Find longest substring with at most k distinct
Company: Snowflake
Role: Software Engineer
Category: Coding & Algorithms
Difficulty: Medium
Interview Round: Onsite
Quick Answer: This question evaluates a candidate's ability to design efficient string-processing algorithms using sliding-window techniques, reason about time and space complexity, and correctly handle Unicode grapheme clusters when returning substrings.
Constraints
- 0 <= k <= length of s
- 0 <= length of s <= 10^5
- s consists of arbitrary characters (treat each code unit as one character for the core problem)

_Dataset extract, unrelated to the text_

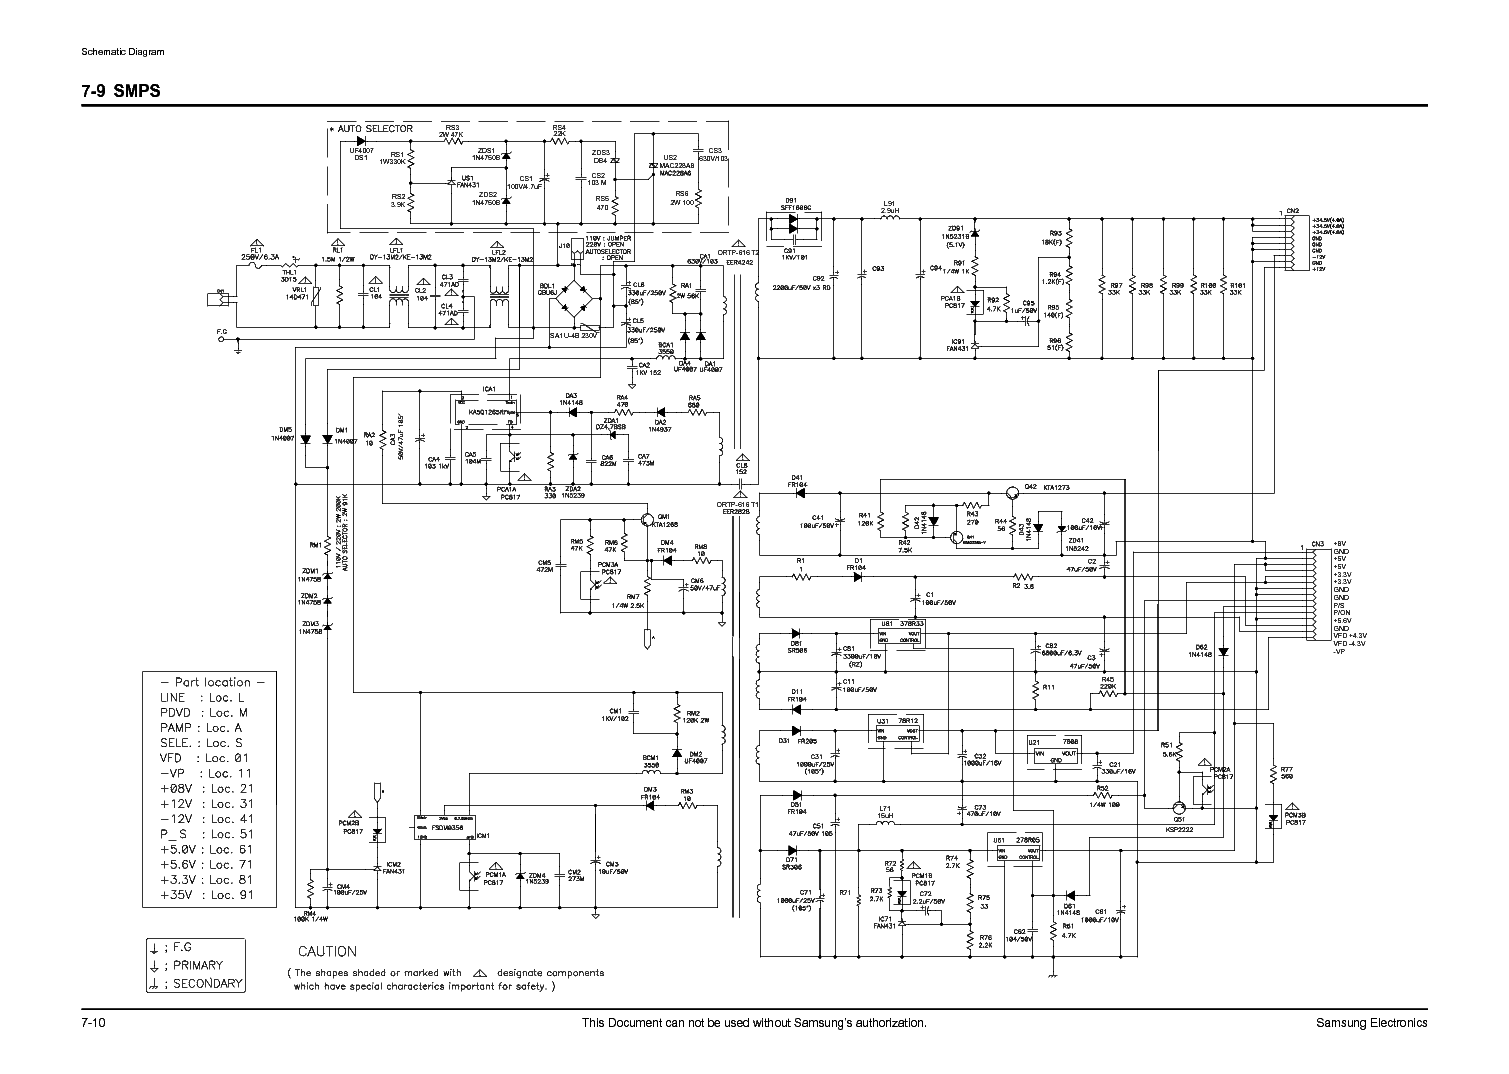 cinema maison samsung manual pdf

- If k <= 0, the answer is 0
Examples
Input: ("eceba", 2)
Expected Output: 3
Explanation: The longest substring with at most 2 distinct characters is "ece" (length 3).
Input: ("aa", 1)
Expected Output: 2
Explanation: With k=1, the whole string "aa" qualifies (one distinct character).
Input: ("abcabcabc", 3)
Expected Output: 9
Explanation: All 3 distinct characters are allowed, so the entire string qualifies.
Input: ("abcabcabc", 2)
Expected Output: 2
Explanation: Any window of length 3 here has 3 distinct characters, so the max valid window is length 2.
Input: ("", 5)
Expected Output: 0
Explanation: An empty string has no substring; the answer is 0.
Input: ("a", 0)
Expected Output: 0
Explanation: With k=0 no character is allowed, so the longest valid substring has length 0.
Input: ("aabbcc", 1)
Expected Output: 2
Explanation: With k=1 the best is a run of two identical characters, e.g. "aa" (length 2).
Input: ("aaabbbcccddd", 2)
Expected Output: 6
Explanation: A window spanning two adjacent runs, e.g. "aaabbb", has 2 distinct characters and length 6.
Input: ("x", 3)
Expected Output: 1
Explanation: A single-character string yields length 1 when k allows at least 1 distinct character.
Hints
- Use two pointers (left and right) to define a sliding window, and a hash map to count occurrences of each character inside the window.
- Expand by moving `right` one step at a time. Whenever the count of distinct characters exceeds k, move `left` forward — decrementing counts — until the window again has at most k distinct characters.
- Track the best window length after each expansion. Because every character is added and removed at most once, the total work is O(n).